Quinn si stava mordicchiando un labbro con espressione assente. — Questo è obsoleto — mormorò. — Stando così le cose, ora dovranno cambiare tattica… ma Millisor sapeva già tutto questo. E il resto sono soltanto fatti miei, personali. — Si volse a Cee. — Come vuole.

Il giovanotto la guardò stupito. — Lei è d’accordo?

Quinn storse la bocca in una smorfia. — È la prima volta che il signor ambasciatore athosiano e io ci troviamo d’accordo su qualcosa, non è vero? — Inarcò un sopracciglio verso Ethan, che bofonchiò: — Umpf.

— A me occorre della tyramina pura — disse loro Cee. — Voi sapete dove trovarla?

— Oh, qualsiasi farmacia dovrebbe tenerne un poco — disse Ethan. — Ha un uso medicinale abbastanza esteso anche fuori Athos, da quanto ho letto nelle riviste di…

— C’è un problema, se bisogna per forza rivolgersi a una farmacia — lo interruppe bruscamente Cee, come irritato da quell’ipotesi.

Quinn annuì subito, con un sospiro. — Già, è ovvio.

— È ovvio cosa? — domandò Ethan.

— Ora capisco perché Millisor agisce sotto le spoglie di un commerciante — disse la mercenaria. — Si è dato molta pena per inserirsi nella rete commerciale computerizzata, senza preoccuparsi troppo di cercare tracce collegate alla presenza di turisti e lavoratori stranieri. Mi chiedevo perché, e quale misterioso motivo lo inducesse a buttare via soldi per iscriversi alla Camera di Commercio. — Nei suoi occhi neri brillava una luce soddisfatta.

— Ah, sì? — disse Ethan, perplesso.

— È una trappola, vero? — domandò Quinn a Cee.

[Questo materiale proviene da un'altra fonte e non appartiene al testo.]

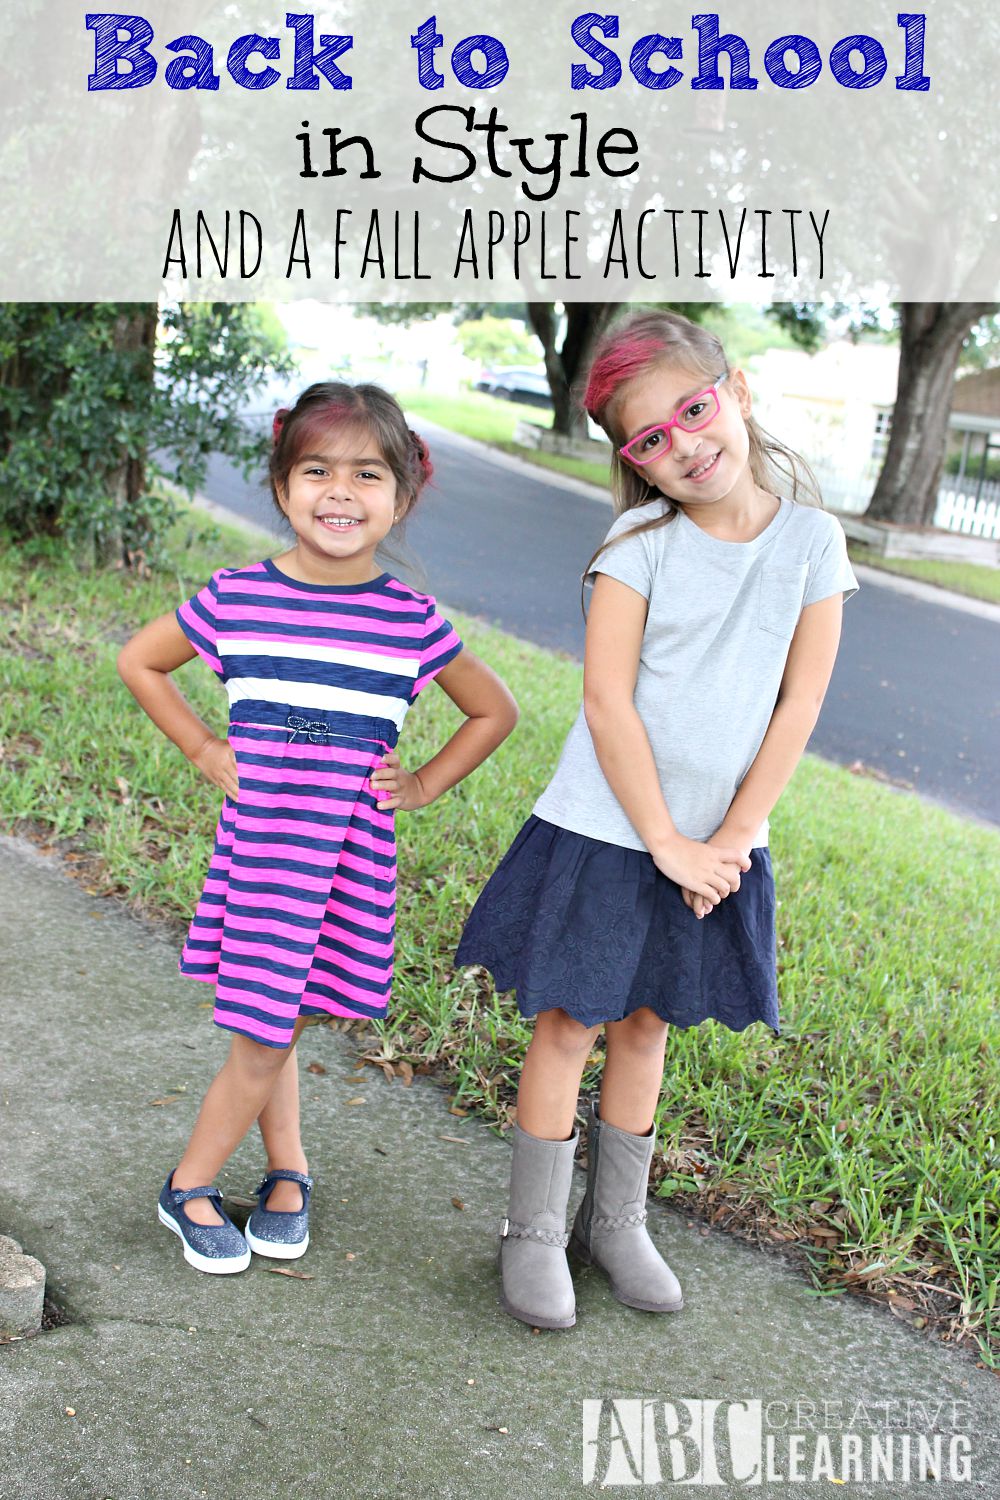 Back to School in Style and a Fall Apple Activity

Il giovanotto ebbe un cenno d’assenso.

La mercenaria spiegò a Ethan: — Millisor ha chiesto dei servizi alla rete commerciale computerizzata. Scommetto che se qualcuno, qui su Stazione Kline, acquista un medicinale che contiene una pur minima percentuale di tyramina, sulla sua consolle di comunicazione arriva automaticamente un messaggio. Dopodiché lui manda Rau, o Setti, o magari un impiegato della Camera di Commercio, a controllare se si tratta di un falso allarme. Oh, sì. Molto logico. Del resto, sono professionisti.

Quinn andò a sedersi e per qualche momento rifletté, grattandosi uno dei candidi incisivi superiori con un’unghia. Anche lei era una ex-mangiatrice di unghie, diagnosticò Ethan riconoscendosi in quel gesto.

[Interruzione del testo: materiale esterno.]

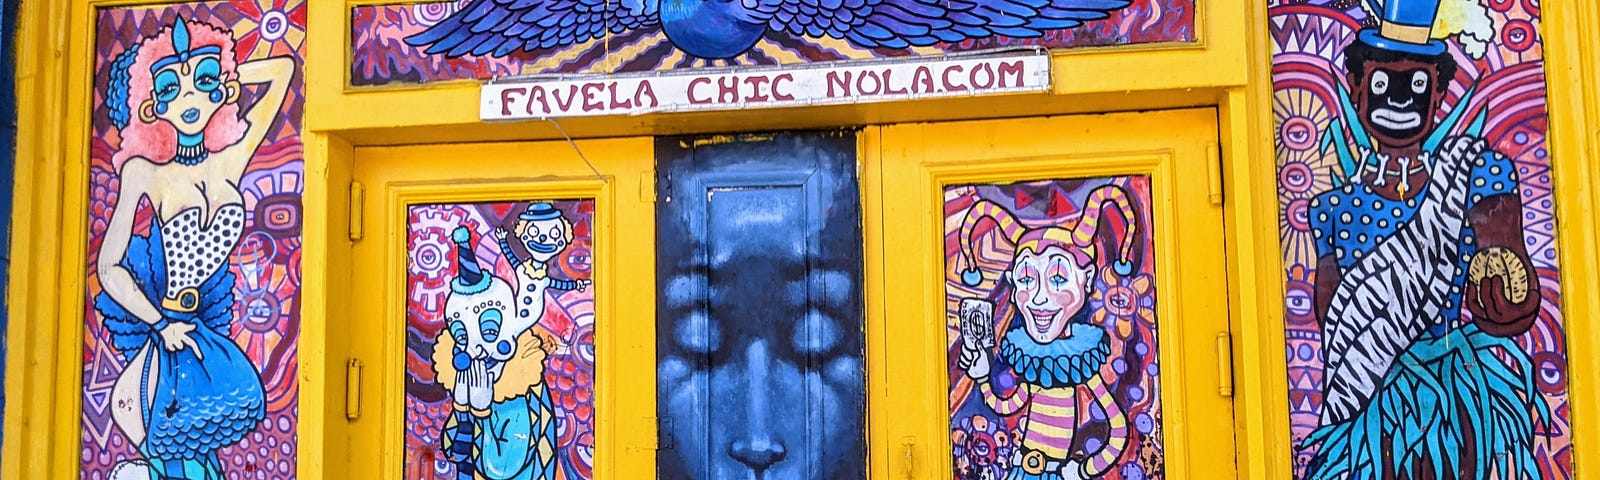 This shows some colorful artwork on doors in New Orleans.

Poi la bruna rialzò lo sguardo. — Forse ho il modo di aggirare questo ostacolo — mormorò.

Ethan non aveva mai pensato che un giorno gli sarebbe successo di lavorare a un posto d’ascolto di spionaggio, e trovava affascinante quella tecnologia. Terrence Cee si mostrava assai più distaccato, certo perché non era nuovo a esperienze simili e all’uso di strane attrezzature. I Dendarii, evidentemente, si basavano molto su oggetti micro-miniaturizzati di produzione betana. Soltanto la necessità d’interfacciarsi con gli occhi e le mani dell’uomo faceva sì che il terminale di controllo, appoggiato sul tavolino davanti a Cee e ad Ethan, avesse le dimensioni di un libro tascabile.